Any idea why the button would be sticking? Replacement parts recommendations?

thanks in advance.

Dan


----------



## Rukee (Feb 8, 2007)

It may just be a broken spring in the shifter for the detent.


----------



## jigaway (Jul 2, 2011)

There is a parts breakdown of the shifter knob and parts in both the Ames catalog (p251) and the "GTO restoration manual" but I don't see a spring in it. That's kinda why I posted the question. Looks like just some retaining clips and a washer. Intuition would say a spring is stuck or broke but I just don't see it in the breakdown. huh? 

I'll just take er apart when I get it. It still drives fine but its one of those things that bugs you.

Thanks

Dan


----------



## BearGFR (Aug 25, 2008)

When I was putting mine back together several days ago, I ran into something similar. The button was extremely tight inside the shifter knob. Weird - they'd been sitting apart inside a plastic bin for --- 20+ years? and I know they are the correct original parts. I still have no explanation for what happened but there was no way it would have worked correctly assembled like that.
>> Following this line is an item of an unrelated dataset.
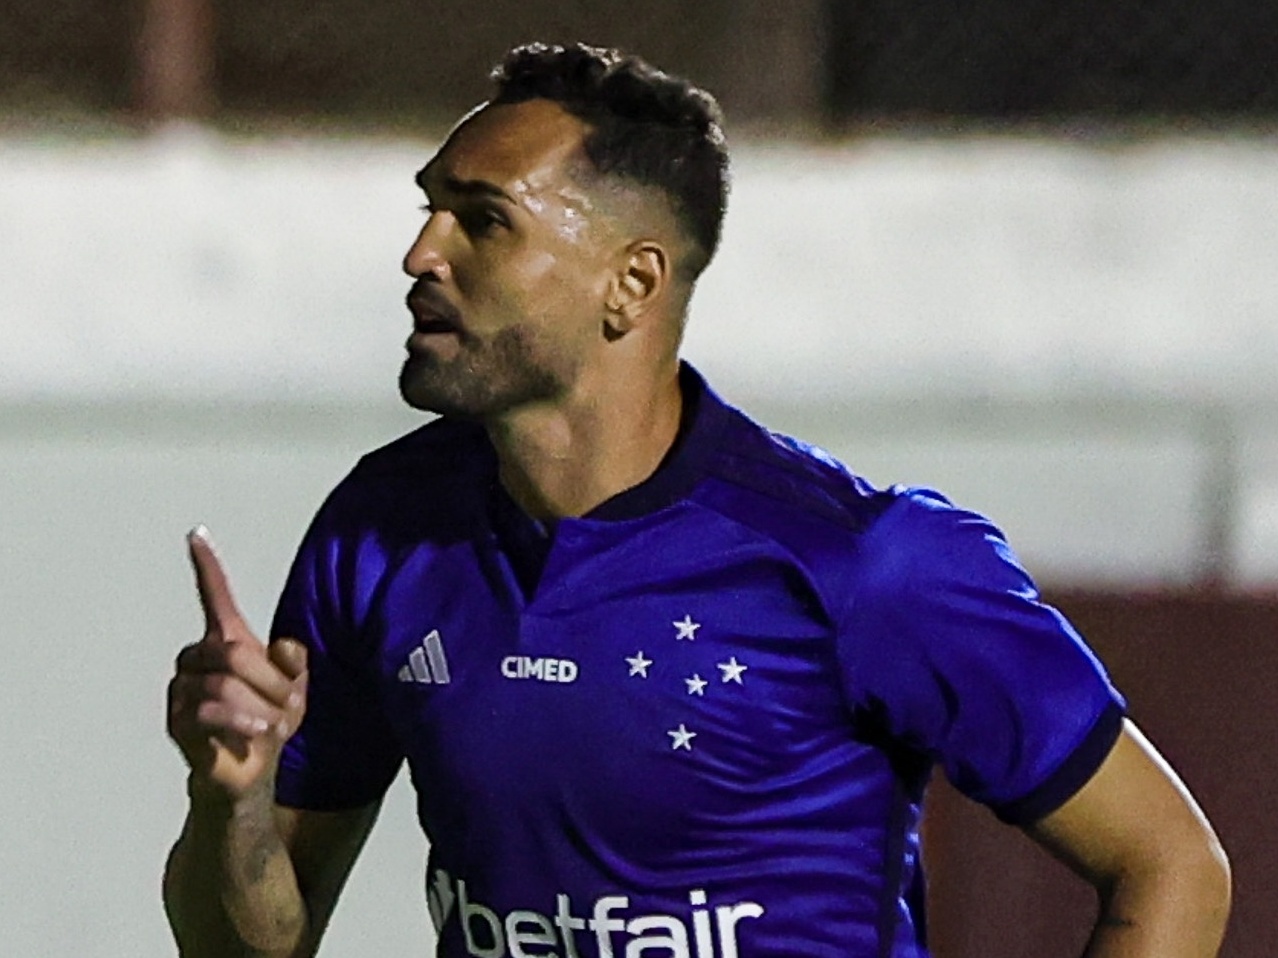 Matheus Carvalho comemora gol e quer espaço no time do Náutico - Vídeos -  Gazeta Esportiva.com

I rigged up a mandrel so I could spin the button with a drill, and used sand paper to slowly cut some material off the circumference of the button until it would slide freely up and down inside the knob. That took care of it.

Bear


----------



## jigaway (Jul 2, 2011)

@Bear.. So interesting you say that. I talked on the phone an hour or so ago with "Percy" from Percy's Pontiac Parts and he said that 99% of the time, the shifter swells and the button just gets stuck. Apparently a common problem. He recommended silicone or WD40 around the button and let it sit for a few hours.. Then pry up gently and sand down the button as you did.. 
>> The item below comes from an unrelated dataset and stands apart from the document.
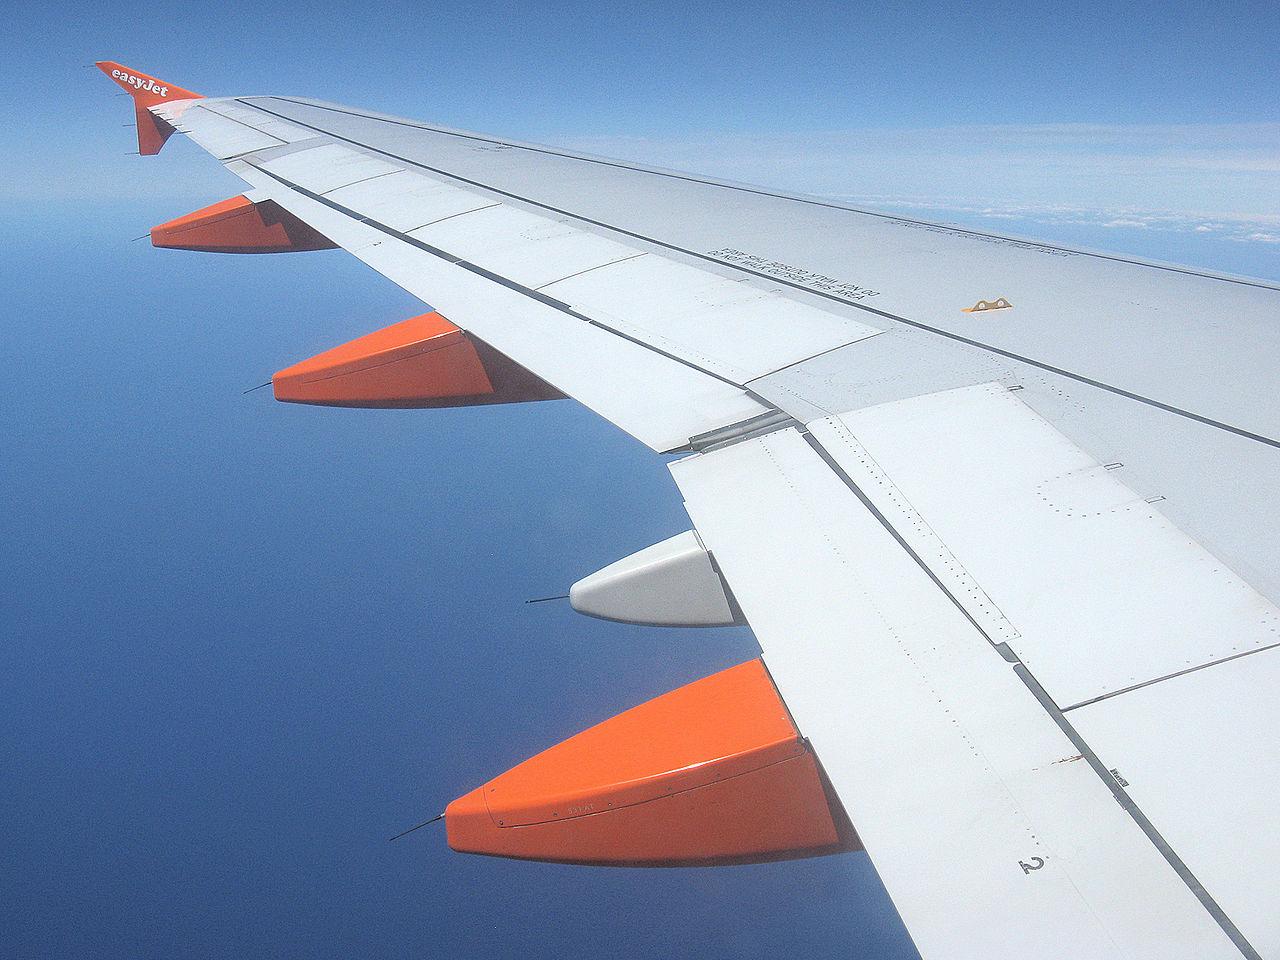 空客A320机翼图片

Awesome! Hope that works with mine. Apparently the springs are difficult to find.

thanks for the info!

Dan


----------



## BearGFR (Aug 25, 2008)

Whaddya know... I didn't realize this was a common problem. I did figure out a trick to get the button out though once it's stuck. Take a pair of right angle snap ring pliers and release the snap ring that's on the bottom of the knob, then you can slide the snap ring down the shift lever a little bit and that will allow you to likewise push the knob down on the lever also. Doing that should pop the button out.

Bear


----------



## jigaway (Jul 2, 2011)

wanted to post the solution to my shifter problem in case anyone searches for this issue in the future. The spring had come out of the holding slot below the shifter.. Clicked er in to place and the shifter is like new.


----------